Kinergy is a party to that certain Share Exchange Agreement (the "SHARE
EXCHANGE AGREEMENT") dated as of May 14, 2004, as amended on July 29, 2004,
October 1, 2004, January 7, 2005, February 16, 2005 and March 3, 2005, by and
among Accessity Corp., a New York Corporation ("ACCESSITY"), Pacific Ethanol,
Inc., a California corporation ("PEI"), Kinergy, ReEnergy, LLC, a California
limited liability company ("REENERGY"), each of the shareholders and holders of
options or warrants to acquire shares of common stock of the Corporation, and
each of the limited liability company members of each of ReEnergy and Kinergy.
Pursuant to such Share Exchange Agreement, each of PEI, Kinergy and ReEnergy
will become a wholly-owned subsidiary of the Company following a reincorporation
merger of Accessity with and into the Company. The transactions contemplated by
the Share Exchange Agreement shall be referred to herein as the "SHARE EXCHANGE
TRANSACTION."
Kinergy has obtained the written consent of Comerica Bank to the Share
Exchange Transaction and the resulting change in control of Kinergy.

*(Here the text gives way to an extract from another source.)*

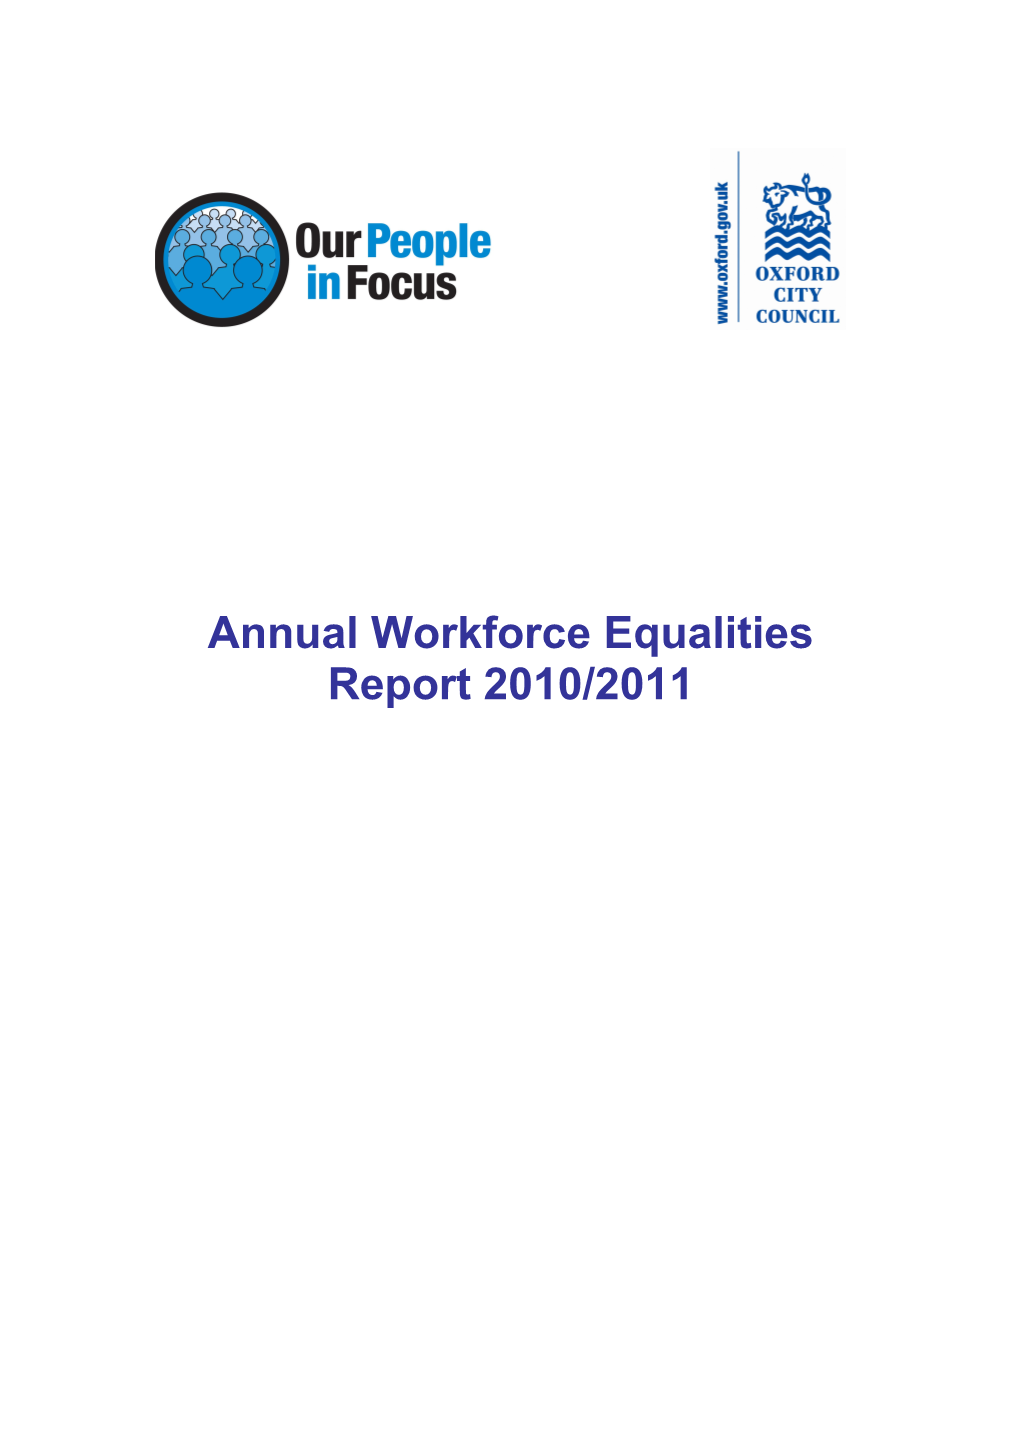 Annual Workforce Equalities Report 2010/ 2011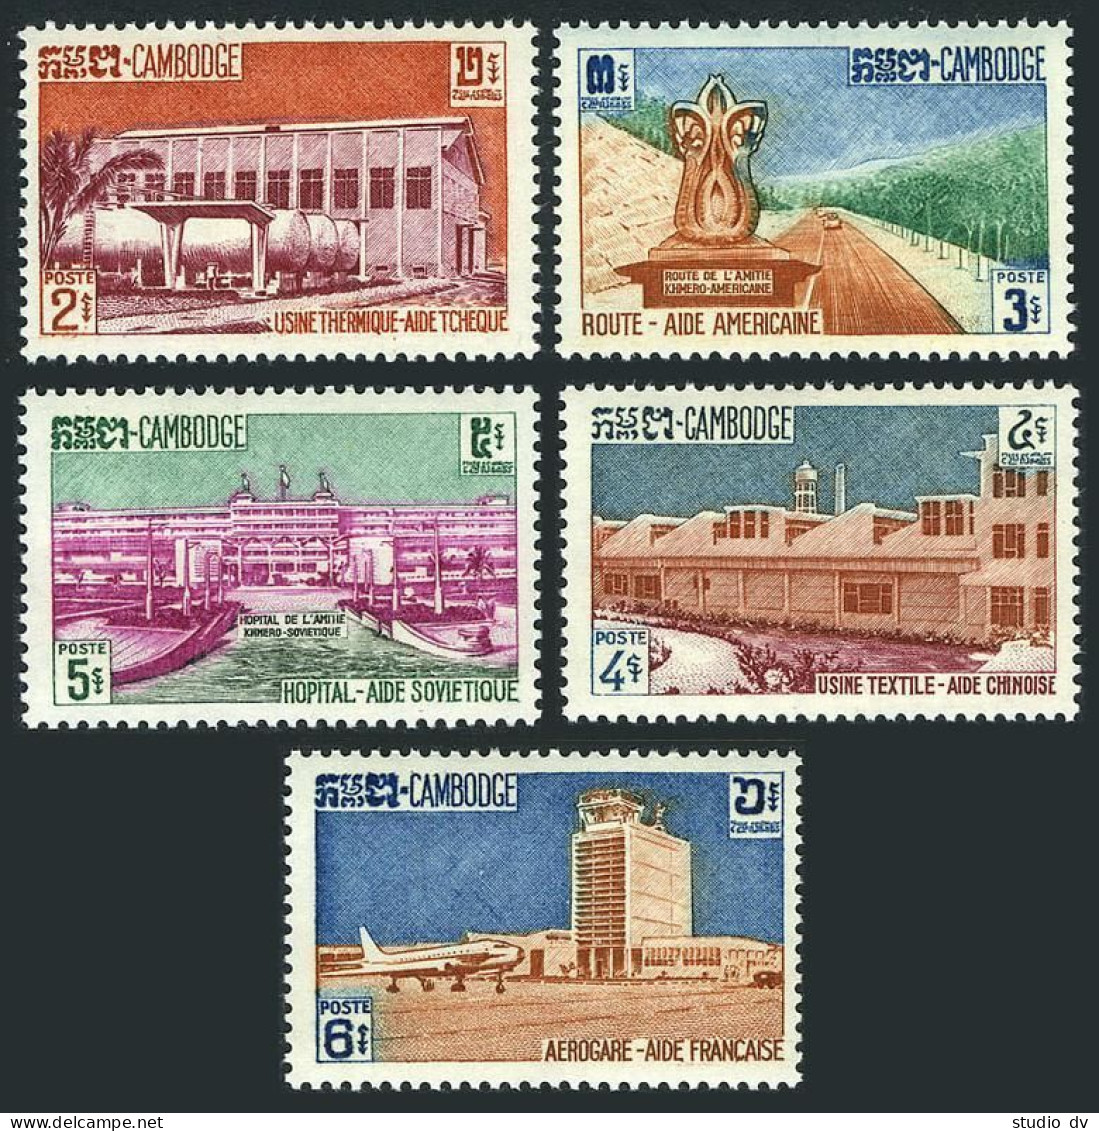 Cambodia 101-105, Hinged. Mi 132-136. Foreign Aid 1961. Power Station, Hospital, - Cambodge

Because you
will no longer be the member or manager of Kinergy after the close of the Share
Exchange Transaction, the Company has agreed to replace you as guarantor under
the Guaranty. Such replacement is to occur as soon as reasonably practicable
after the closing of the Share Exchange Transaction.
Prior to the date that you are effectively replaced as guarantor under
the Guaranty, the Company shall indemnify, defend and hold harmless you, your
agents and representatives for all losses, claims, liabilities and damages
caused or arising from out of (a) the Company's failure to pay its indebtedness
under the Loan Agreements such that you are required to pay such amounts to
Comerica Bank pursuant to the Guaranty, or (b) a breach of the Company's duties
to indemnify and defend as set forth in this paragraph.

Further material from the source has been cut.